In a linear regression problem, \(Y=XB\), an overdetermined system to be solved for \(B\) by least squares or maximum likelihood, let \(A\) be an arbitrary invertible linear transformation of the columns of \(X\), so that \(X_\delta=XA\).

Then the solution, \(B_\delta\) to the transformed problem, \(Y=X_\delta B_\delta\), is \(B_\delta=A^{-1}B\).

We can see this by starting with the normal equations for \(B\) and \(B_\delta\): \[\begin{aligned}B &=(X^TX)^{-1}X^TY \\
\\
B_\delta &=(X_\delta^TX_\delta)^{-1}X_\delta^TY \\
&=((XA)^TXA)^{-1}(XA)^TY \\
&=(A^TX^TXA)^{-1}A^TX^TY \\
&=(X^TXA)^{-1}(A^T)^{-1}A^TX^TY \\
&=(X^TXA)^{-1}X^TY \\
&=A^{-1}(X^TX)^{-1}X^TY \\
&=A^{-1}B \\
\end{aligned}\]

This gives us an easy way to calculate \(B_\delta\) from \(B\), and vice versa: \[AB_\delta=B\] The linear transformation that we used on the columns of \(A\), inverted, gives us the transformed solution.

An example in R illustrates how an arbitrary (invertible) linear transformation produces equal fits to the data, i.e. the same predicted values.

transf <- matrix(runif(4), ncol=2) # arbitrary linear transformation

m1 <- lm(mpg ~ wt, data=mtcars)
mpg1 <- predict(m1)

m2 <- lm(mpg ~ 0 + model.matrix(m1) %*% transf, data=mtcars)
mpg2 <- predict(m2)

plot(mpg1 ~ mpg2)

norm(as.matrix(mpg1-mpg2), "F")
## [1] 5.049355e-13

Looking at the solutions to these two models, we see the same transformation and it’s inverse allow us to convert the coefficients directly.

cbind(coef(m1), coef(m2))
##                  [,1]      [,2]
## (Intercept) 37.285126  430.9432
## wt          -5.344472 -282.6077
transf %*% coef(m2)
##           [,1]
## [1,] 37.285126
## [2,] -5.344472
solve(transf) %*% coef(m1)
##           [,1]
## [1,]  430.9432
## [2,] -282.6077

Recentering

We can use this general result to think about how coefficients change when the data are recentered.

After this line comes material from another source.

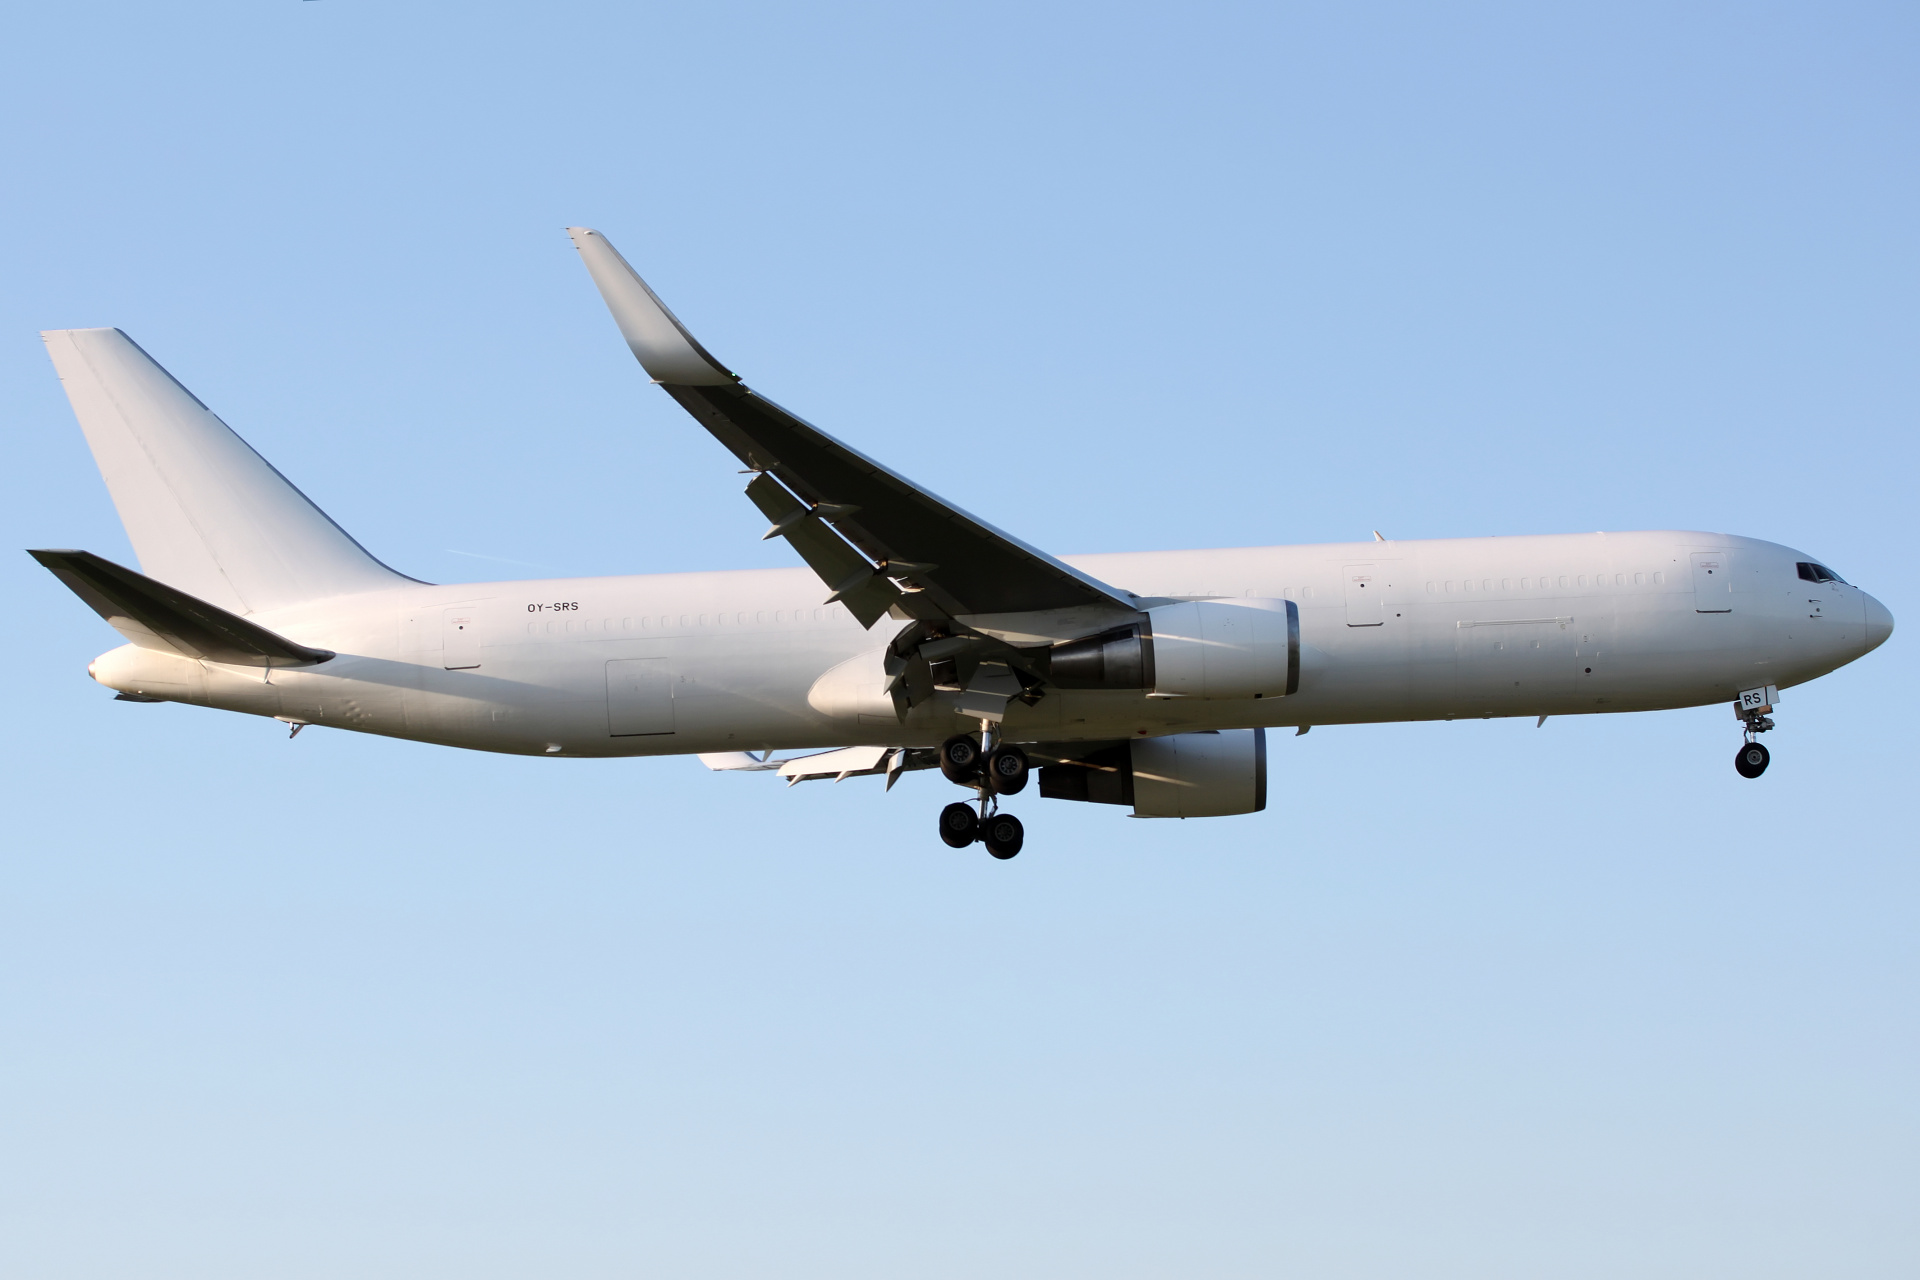 BCF, OY-SRS, Maersk Star Air (Aircraft » EPWA Spotting » Boeing 767-300F)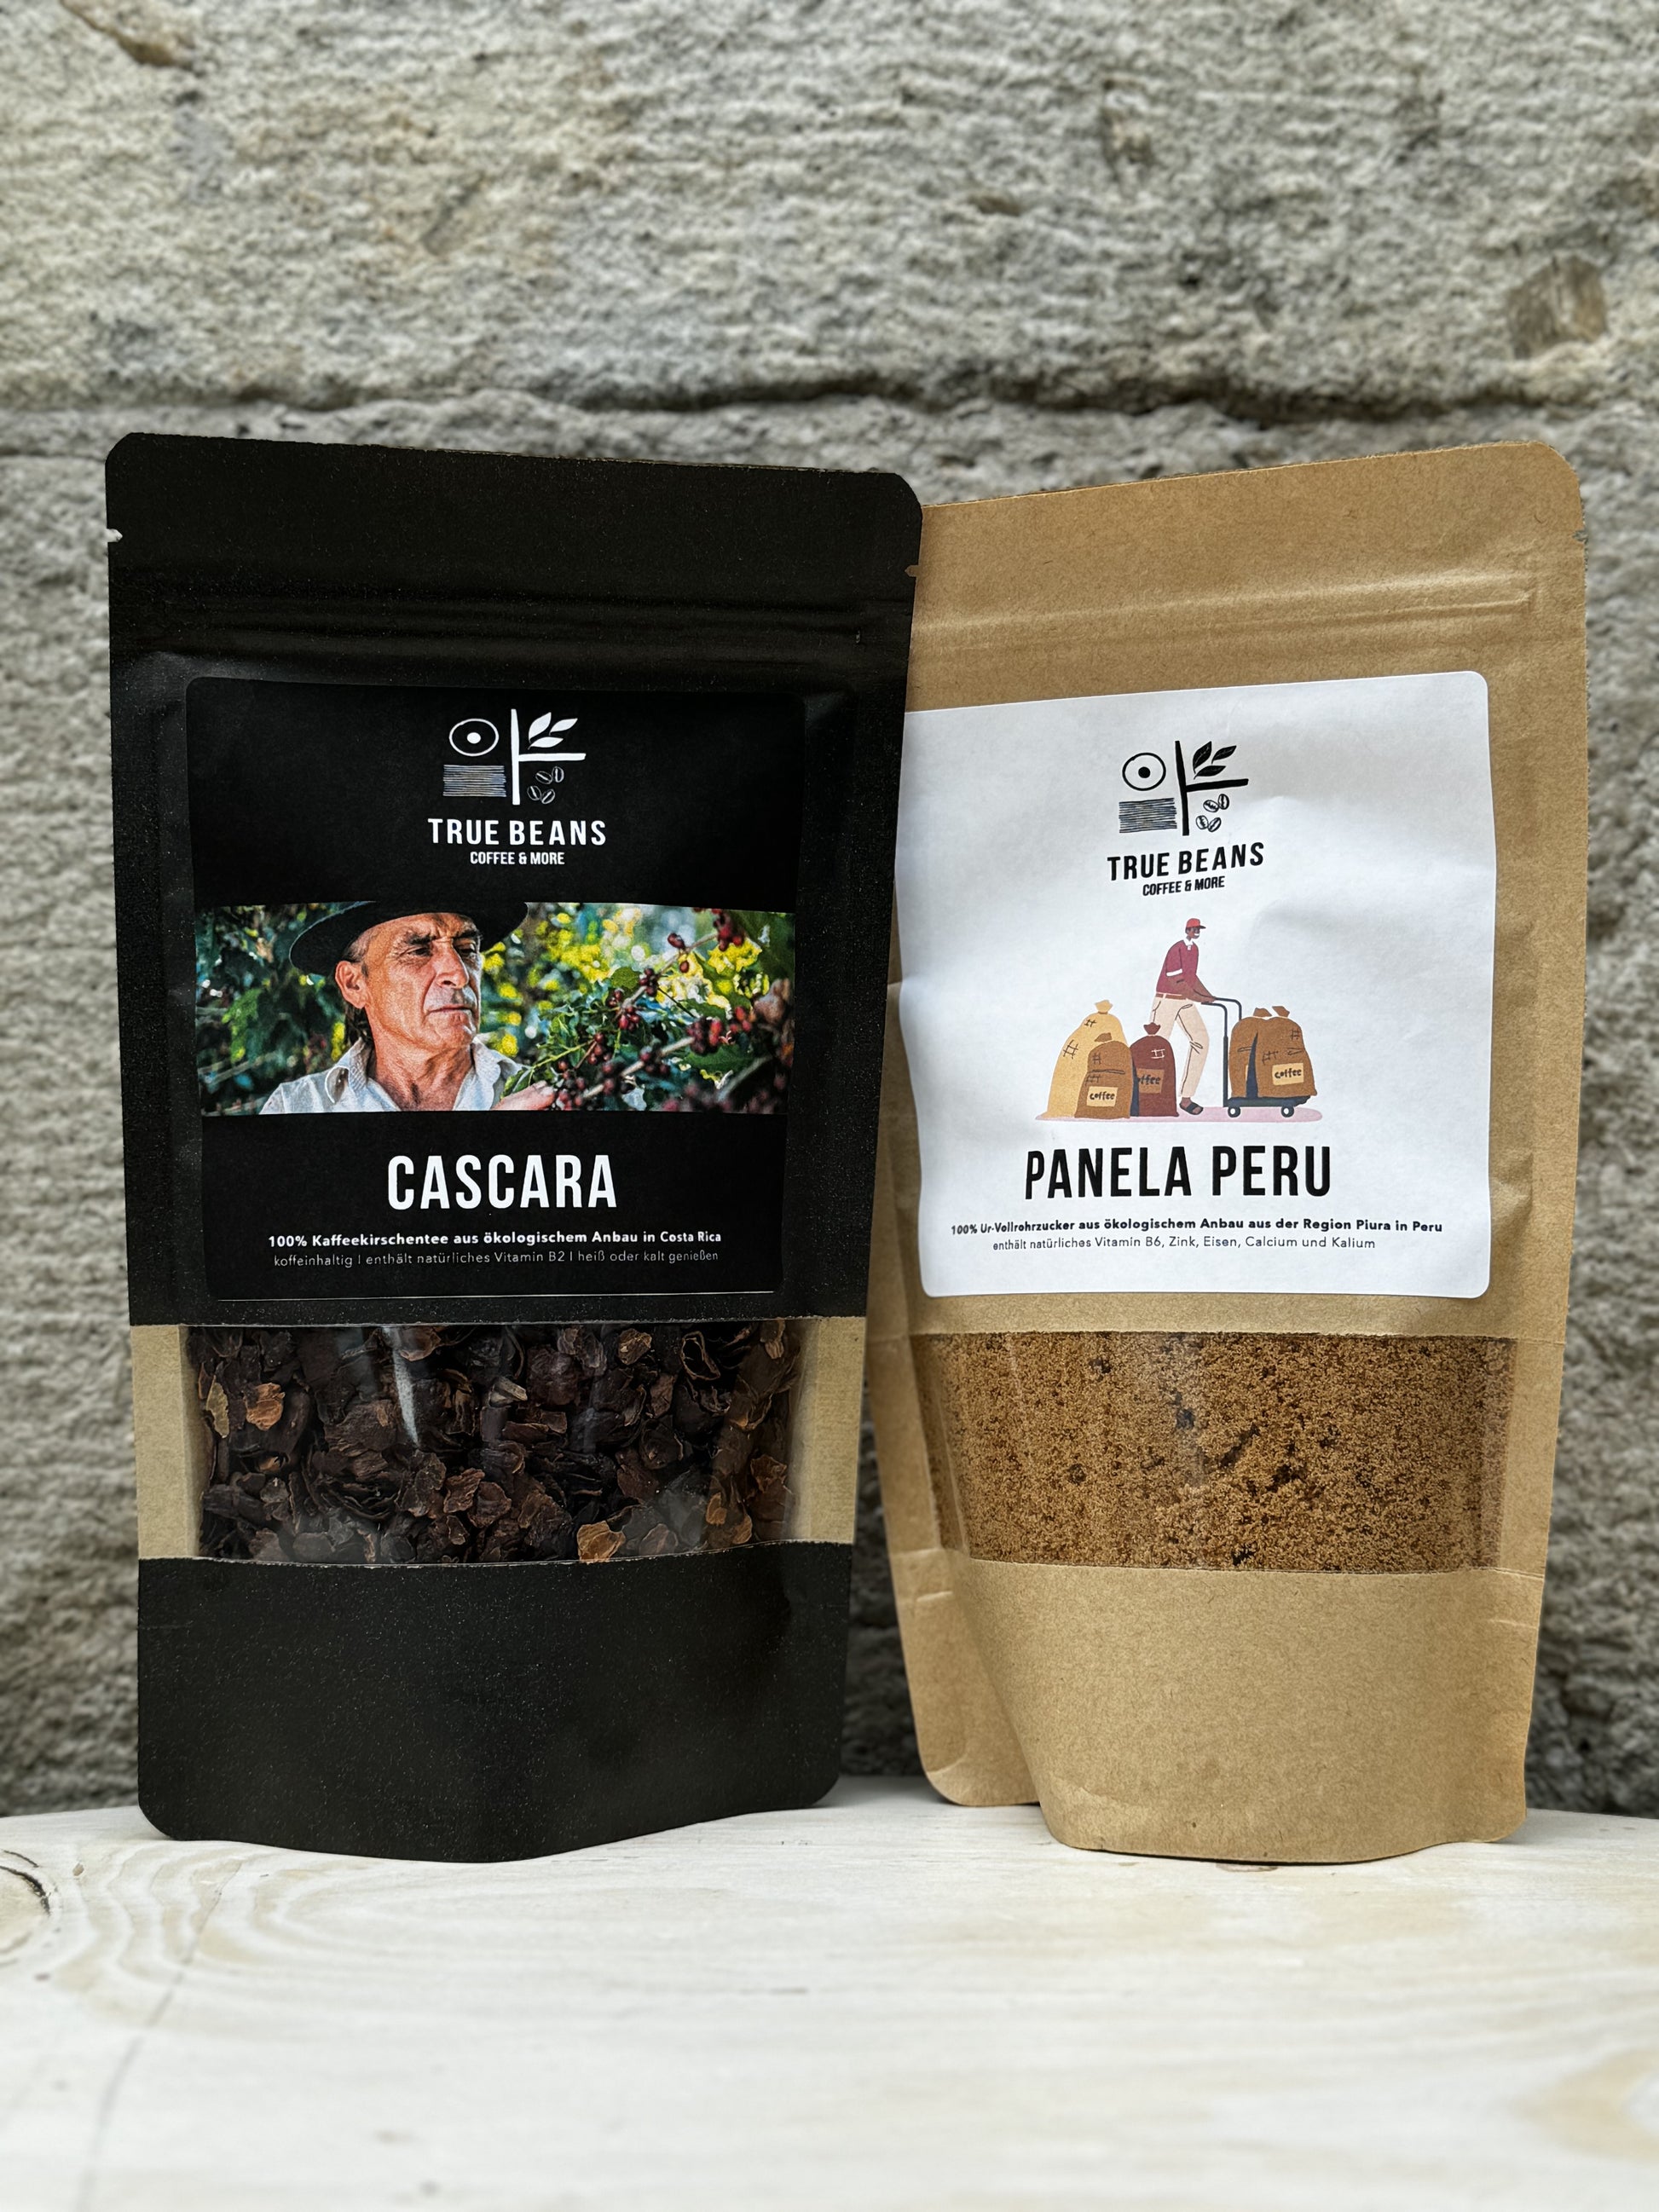 Zwei nachhaltige Produkte von True Beans: "Cascara" links und "Panela Peru" rechts, vor einem hellen Hintergrund auf einem Holztisch.

If our model matrix \(X\) is composed of two columns vectors, \(\vec{1}\) and \(\vec{x}\), so that \(X=\begin{bmatrix} \vec{1} & \vec{x} \end{bmatrix}\), then we can recenter \(\vec{x}\) with an arbitrary constant \(\mu\), as \(\vec{x}-\mu\), using the transformation \[A=\begin{bmatrix} 1 & -\mu \\ 0 & 1 \end{bmatrix}\] So that, borrowing our notation from above, \(X_\delta=XA\). For an \(A\) of this form, we have \[A^{-1}=\begin{bmatrix} 1 & \mu \\ 0 & 1 \end{bmatrix}\] and the solution for our recentered data is \(B_\delta=A^{-1}B\).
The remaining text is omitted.